Update and implications on a recent Tribunal Case considering the liability of construction services provided by sub-contractors working on a relevant residential development which included the construction of student flats.
Summit Electrical Installations Ltd  TC 06006 First Tier Tribunal case successfully challenged HMRC’s published guidance on the VAT treatment of construction services provided by sub-contractors working on new build student accommodation. The case, important to both main and subcontractors, concerned HMRC’s policy on the zero rate for construction of student accommodation. As a fee protection client, Summit were supported and represented by Croner Taxwise.
Summit Electrical Installations Limited were contracted by a main contractor to supply and install the electrics for a development of student accommodation. HMRC’s published policy in VAT Notice 708 advises that it is possible for the construction of a new building to qualify for zero-rated construction services as both a dwelling/dwellings AND a building to be used for a relevant residential purpose. For the zero rate to apply to the construction of a relevant residential building, the developer must provide a certificate to the main contractor certifying how the building will be used, and on that basis, the main contractor alone is able to use that certificate to zero rate his services.

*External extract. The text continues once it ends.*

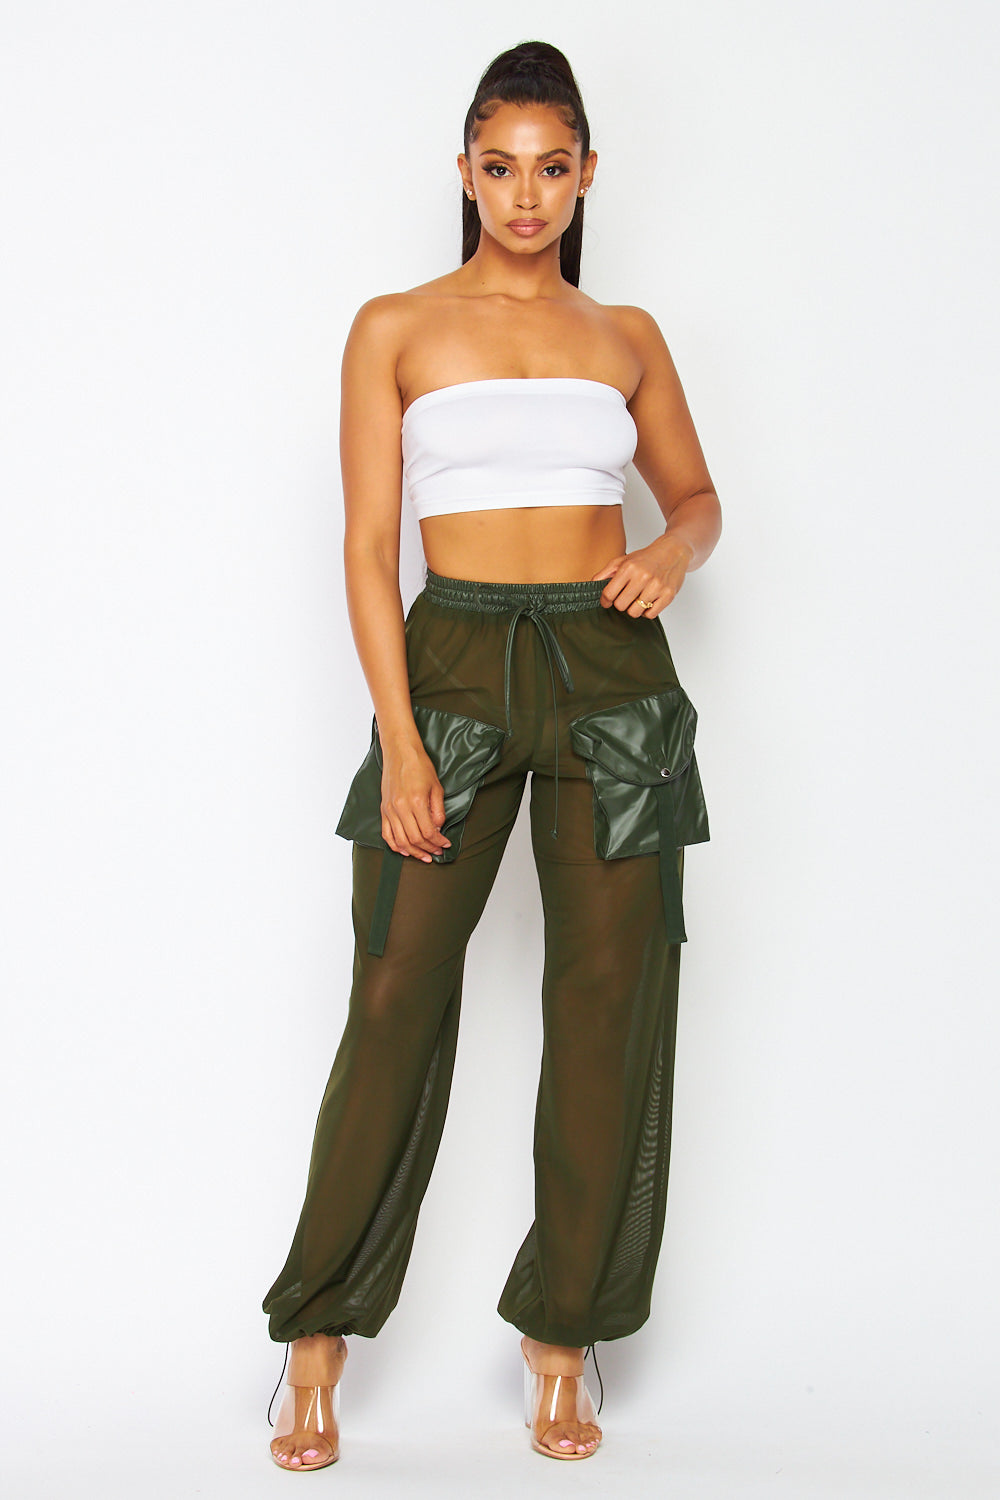 Genie Mesh and Leather Jogger Cargo Pocket Pant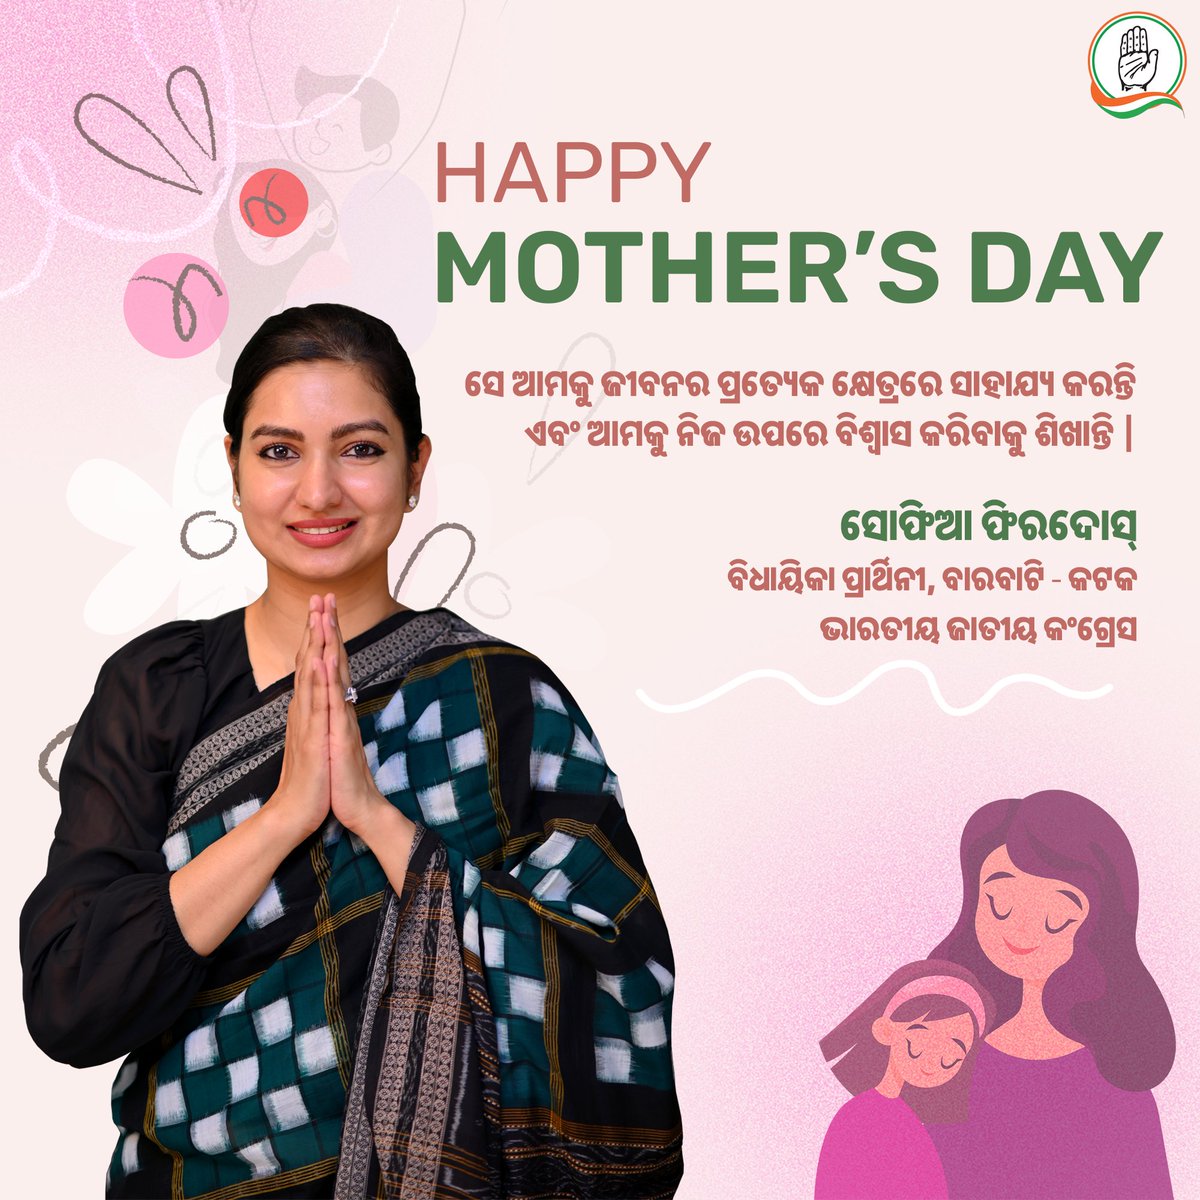 Happy Mother's Day. #sofiafirdous #cuttack #vote4sofia #cuttackpride #cuttackcity #cuttackcongress #amacuttack #cuttackbuzz #voteforsofia #cuttackchangemaker #happymothersday #mothersday

The policy further states that where a developer of a building which would qualify on both counts chooses to issue a certificate of relevant residential use to the main contractor, this will prevent those working on the building who do not hold certificates, i.e. the sub-contractors, from zero-rating the services they provide to the main contractor on the basis that the building is a dwelling, which has the potential to cause significant cash flow issues for the main contractor.
In the Tribunal, HMRC initially unsuccessfully challenged the zero rating by Summit on the basis that a planning condition restricting occupation of the units to students of the Universities of Leicester.
The Tribunal then considered whether there was any legal basis for HMRC’s policy within VATA 94 Schedule 8 Group 5, Notes 2, 4 and 12, which would apply to limit Item 1 (a) where a certificate has been issued, and found that there to be “absolutely no basis for HMRC’s policy”.
The correct liability to tax in this case, as in most cases, was not discretionary, any subcontractor can establish for itself whether the building it is constructing meets the conditions to be a dwelling as in Note 2. If the building meets those requirements, the sub-contractor’s services will be zero-rated.
While a First Tier Tribunal does not create precedent, the strength of the Judge’s opinion that there was no basis in law for HMRC’s stated policy in limiting the circumstances in which sub-contractors can zero-rate provides reasonable grounds for subcontractors to zero rate where the building under construction is a building is designed as a dwelling or number of dwellings. At this point, we should point out that HMRC have asked permission to appeal the decision made in the Summit case on the basis that the building they were working on was not designed as a number of dwellings on the basis of the perceived occupancy restriction.
In the event of a challenge from HMRC to sub-contractors choosing to zero rate the services of constructing a new dwelling where a certificate has been issued by the developer to the main contractor, the decision to zero rate where the building under construction is a dwelling is arguably not careless if consideration is required to be given to the potential issuing of penalties.